-------- Dataset content --------

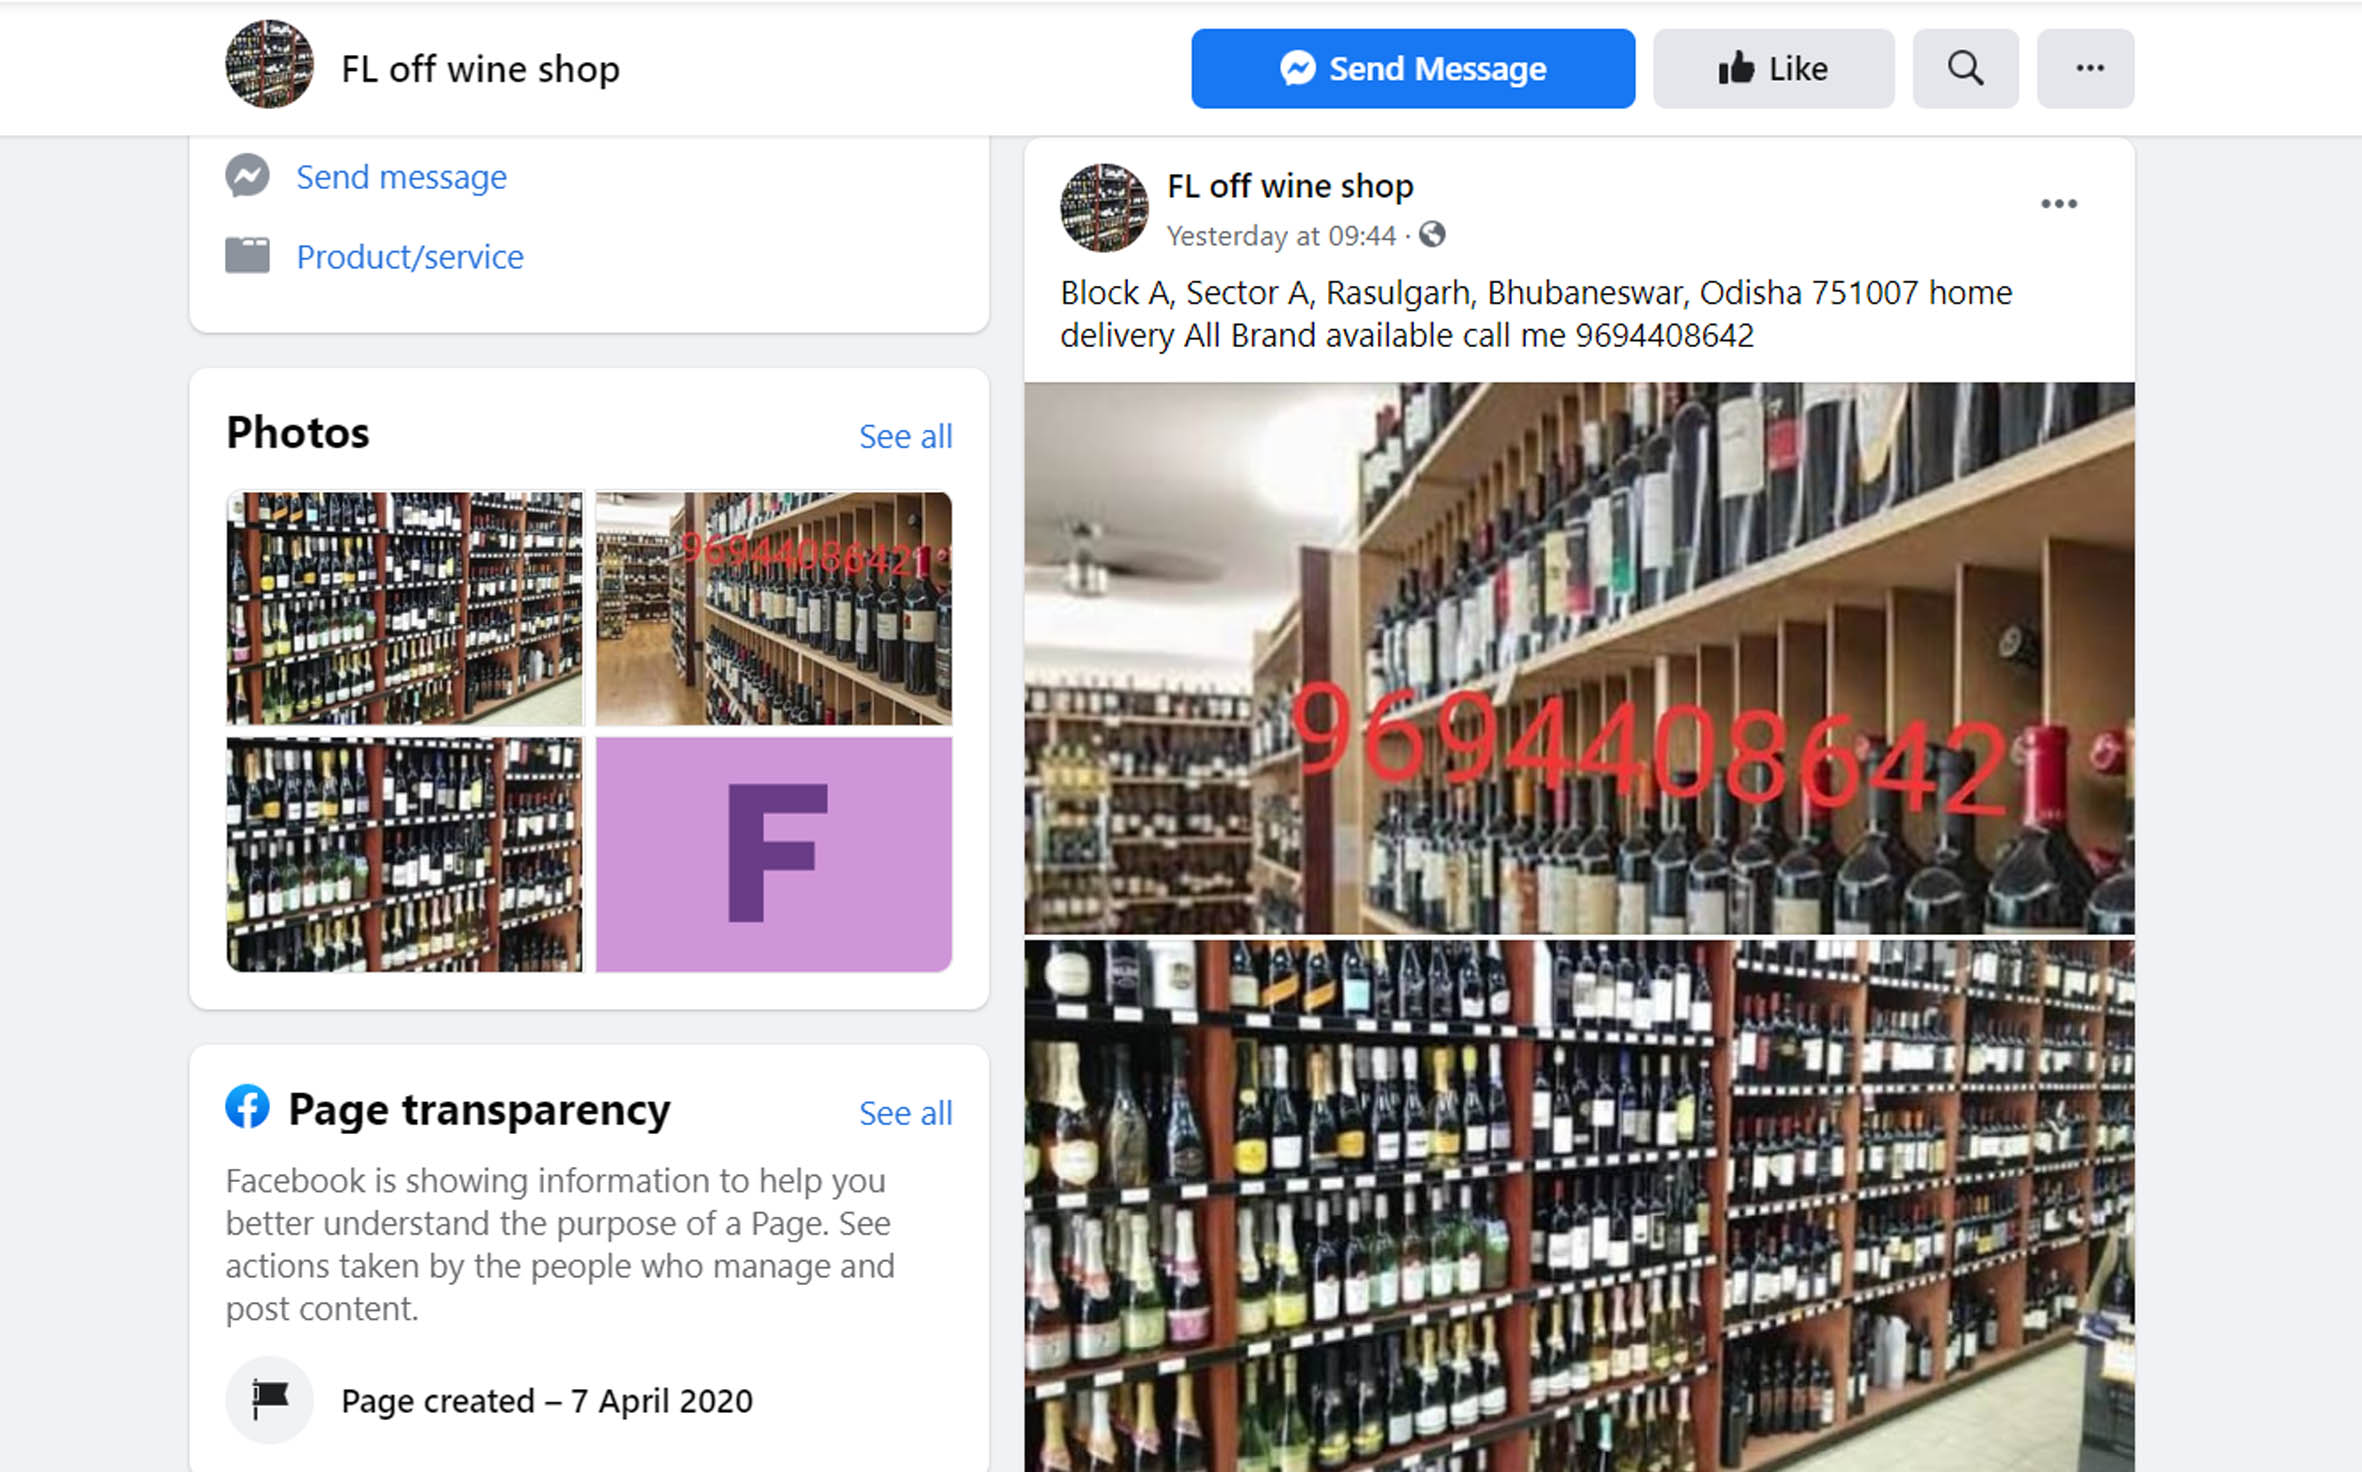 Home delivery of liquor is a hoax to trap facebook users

--------
-------- Dataset content --------

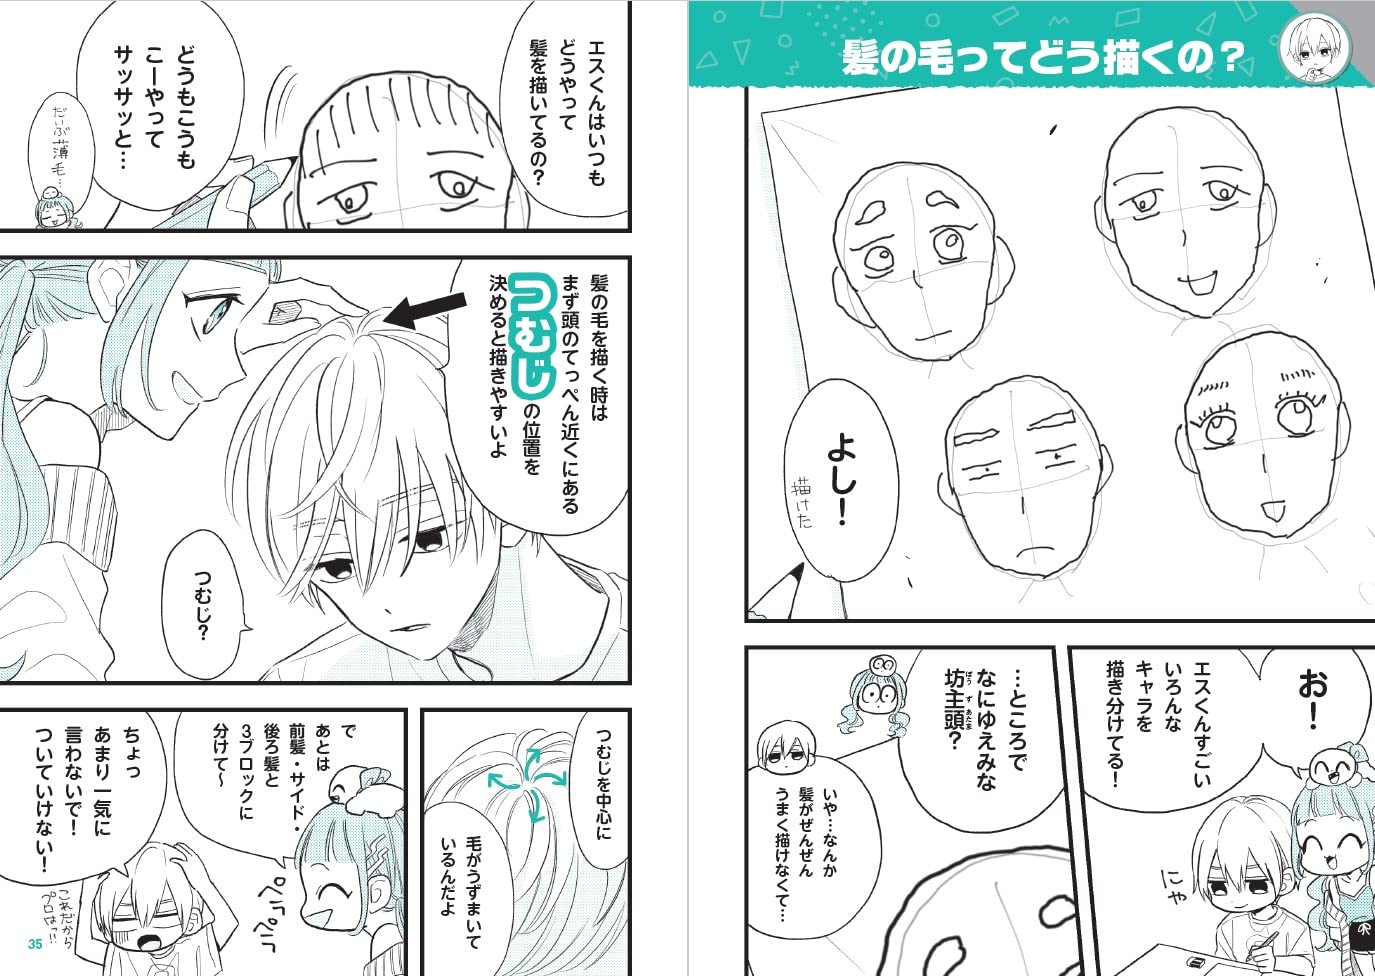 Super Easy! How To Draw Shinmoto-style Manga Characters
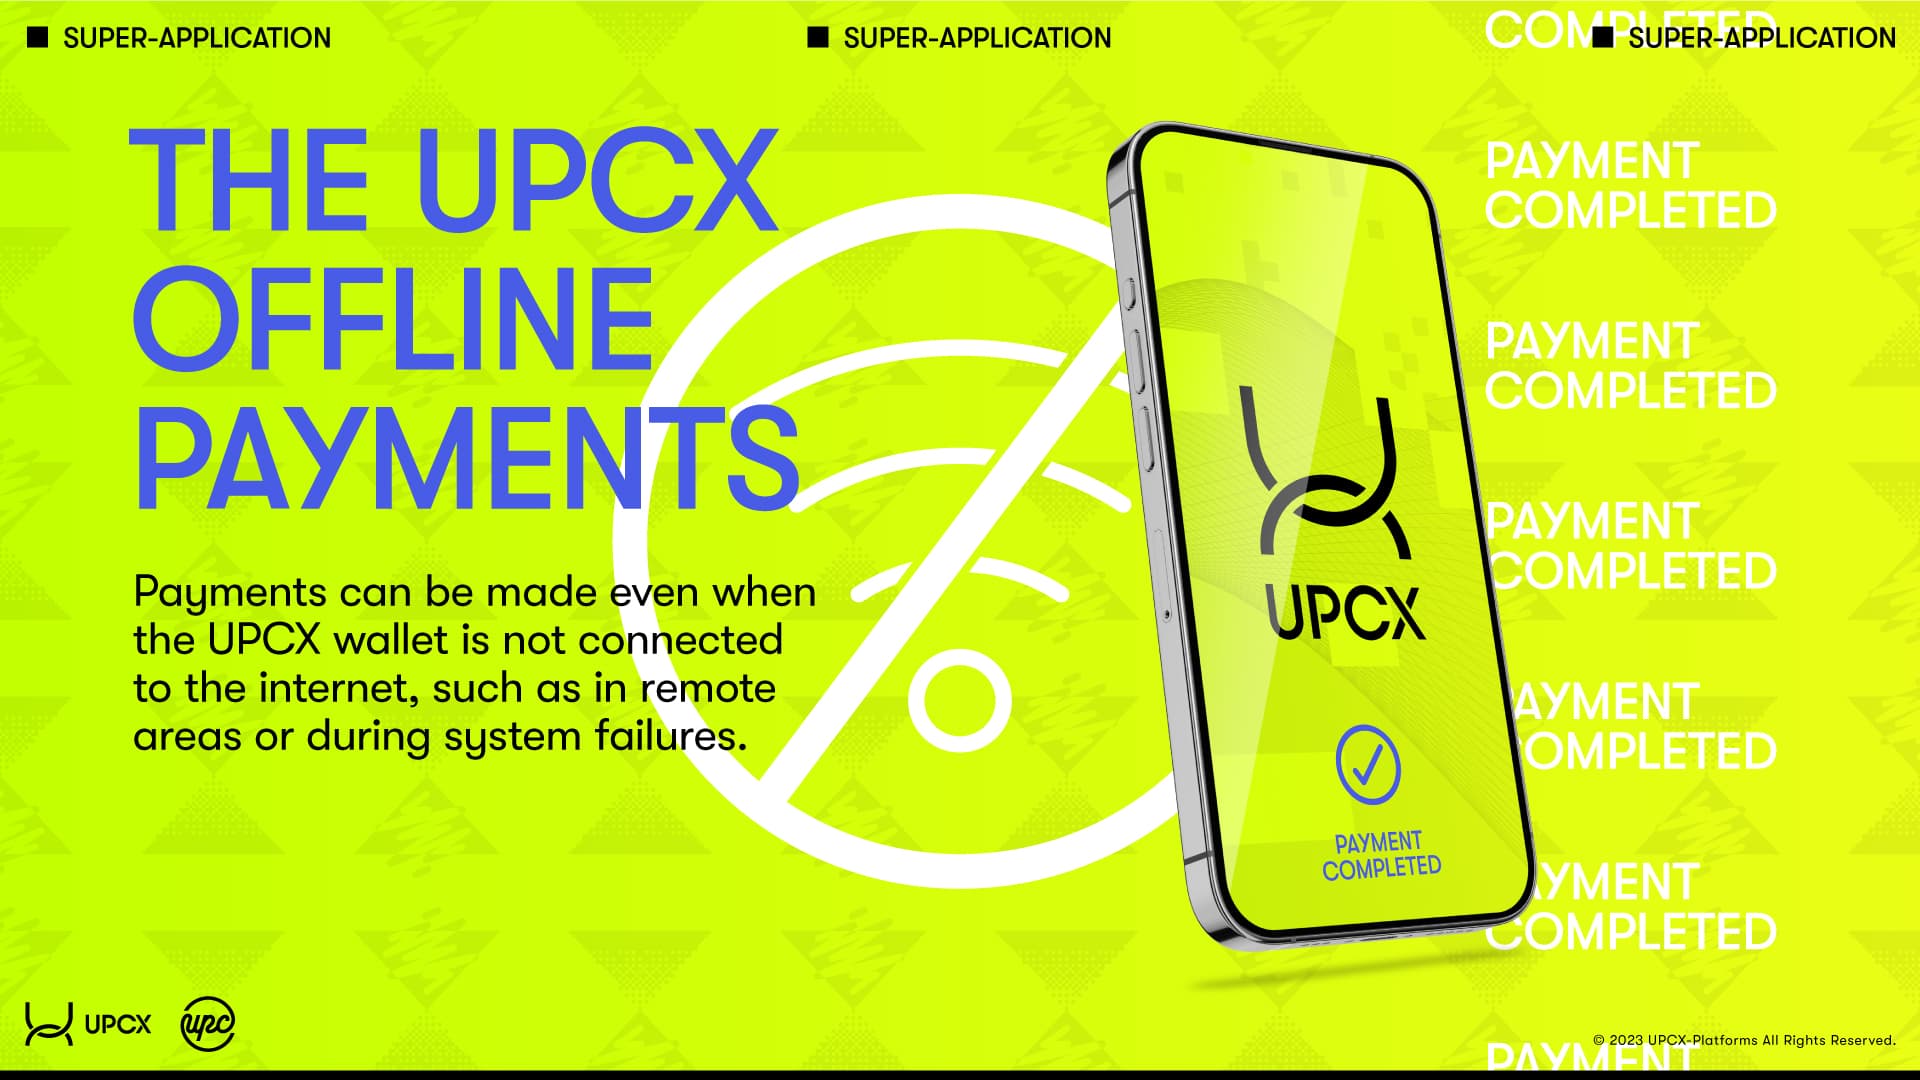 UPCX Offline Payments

--------
-------- Dataset content --------

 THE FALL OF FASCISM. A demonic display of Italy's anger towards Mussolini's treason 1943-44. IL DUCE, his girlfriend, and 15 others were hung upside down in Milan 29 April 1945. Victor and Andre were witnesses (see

--------

Problem details:
Starting at the line containing "Super Easy! How" and stopping at the line containing "UPCX Offline Payments", output every line above exactly, both ends included, with pictures omitted.

Your solution:
 Super Easy! How To Draw Shinmoto-style Manga Characters
 UPCX Offline Payments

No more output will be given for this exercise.